** Record excerpts follows **
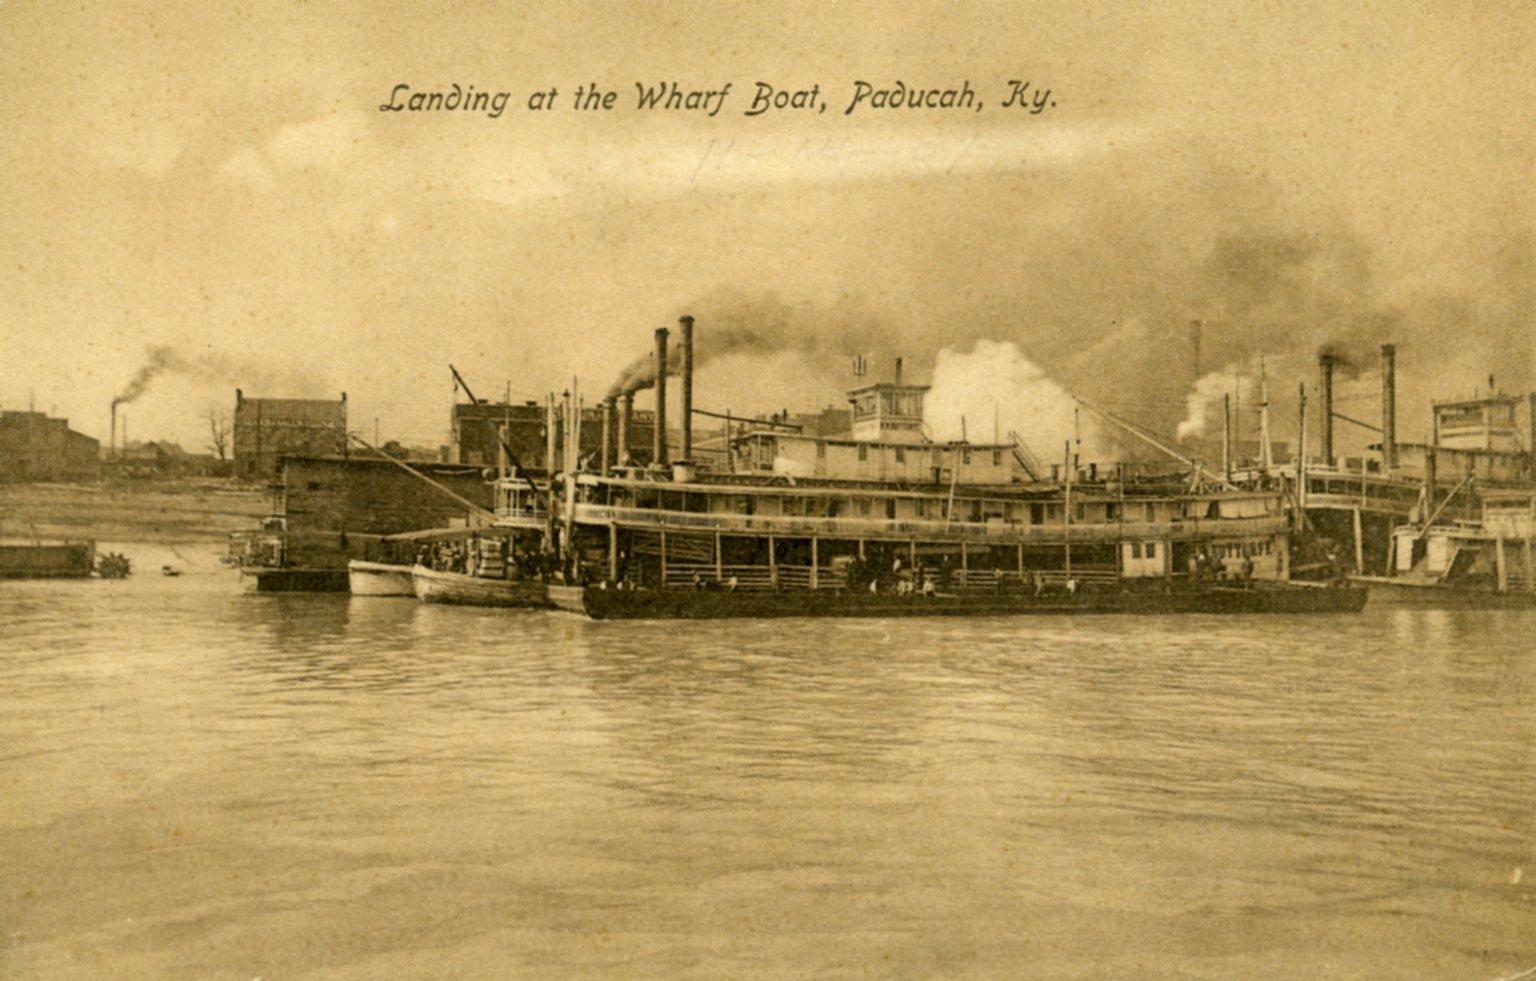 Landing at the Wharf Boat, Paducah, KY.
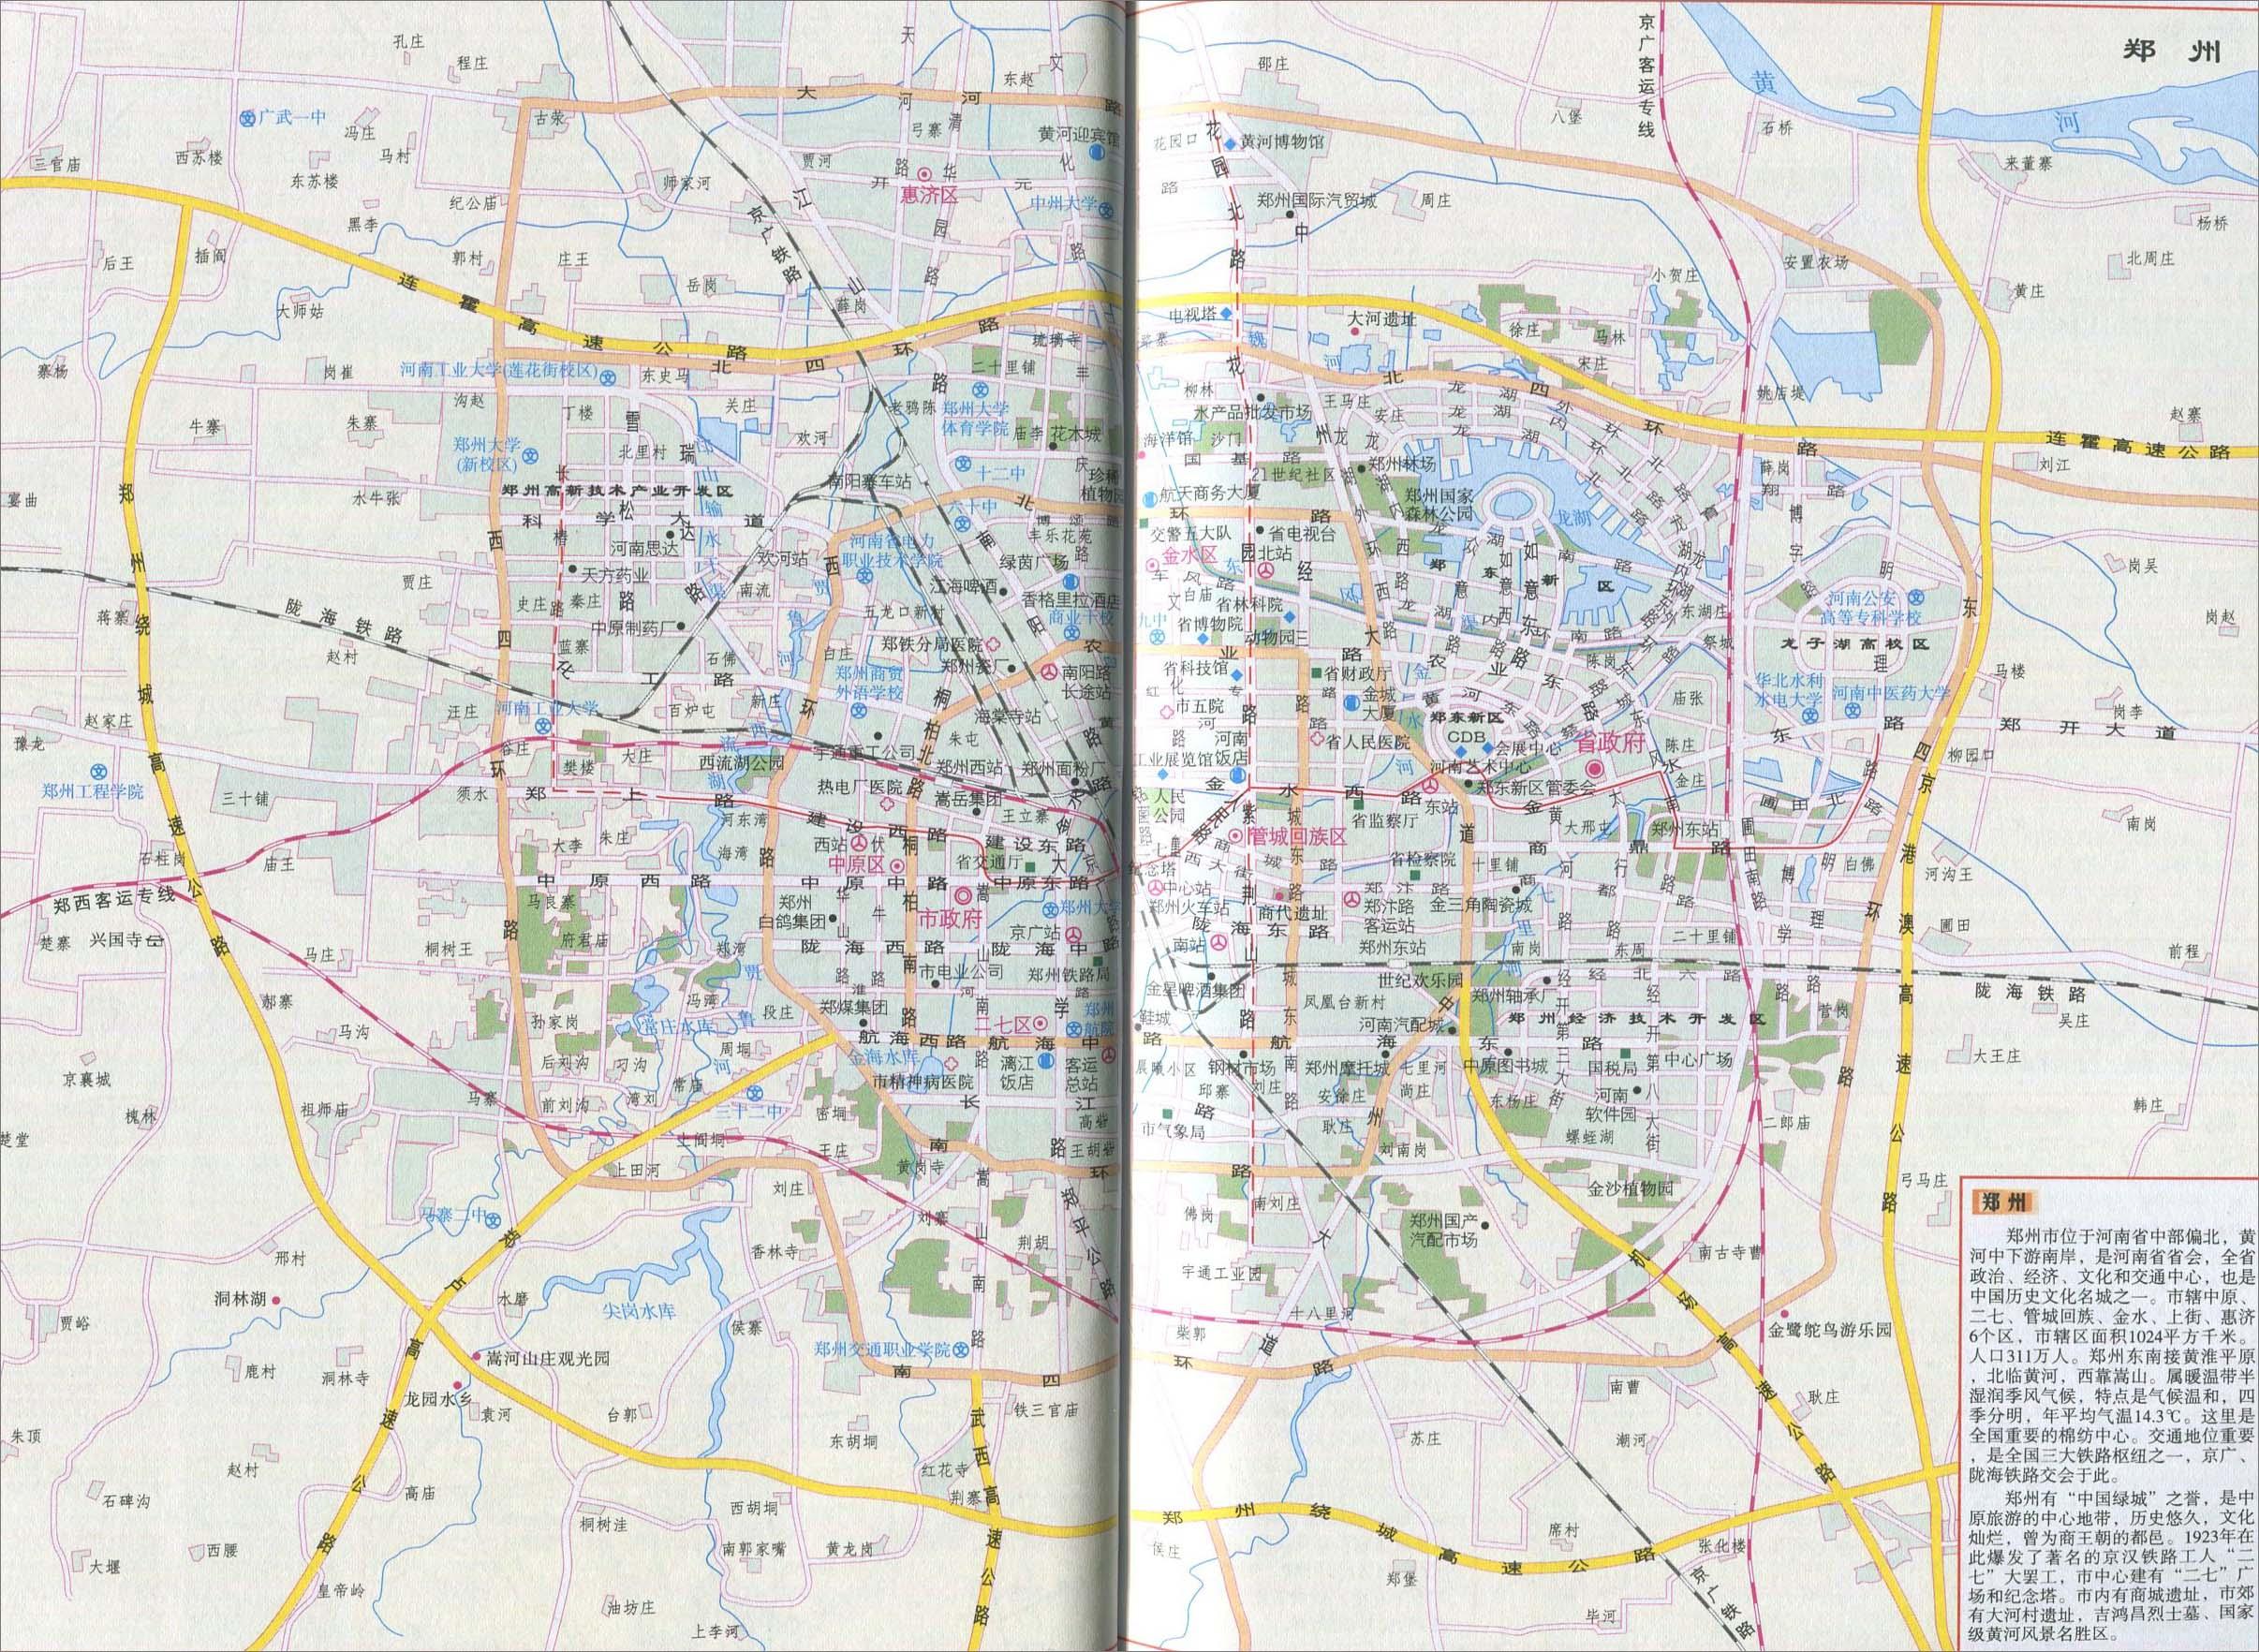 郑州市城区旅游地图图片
** End of Record excerpts **
** Record excerpts follows **
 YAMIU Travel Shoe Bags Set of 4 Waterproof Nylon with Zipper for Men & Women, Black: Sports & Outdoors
** End of Record excerpts **
** Record excerpts follows **
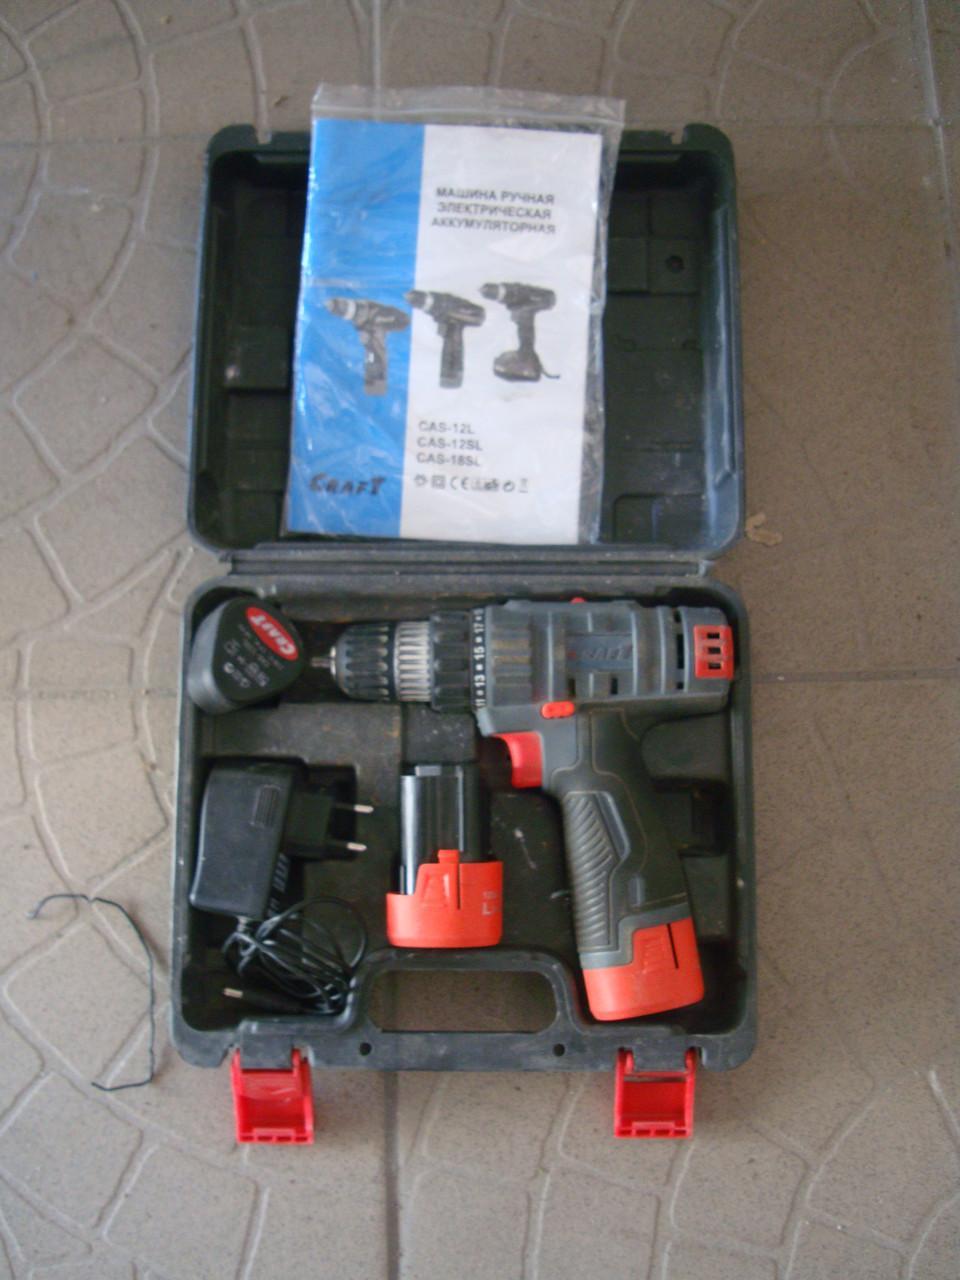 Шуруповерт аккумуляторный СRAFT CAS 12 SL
** End of Record excerpts **
_Task instructions:_
What to print is the stretch of entries from the line with "Landing at the Wharf Boat, Paducah, KY." up to and including the line with "郑州市城区旅游地图图片". Please print it exactly and leave out the pictures.

_Your solution:_
 Landing at the Wharf Boat, Paducah, KY.
 郑州市城区旅游地图图片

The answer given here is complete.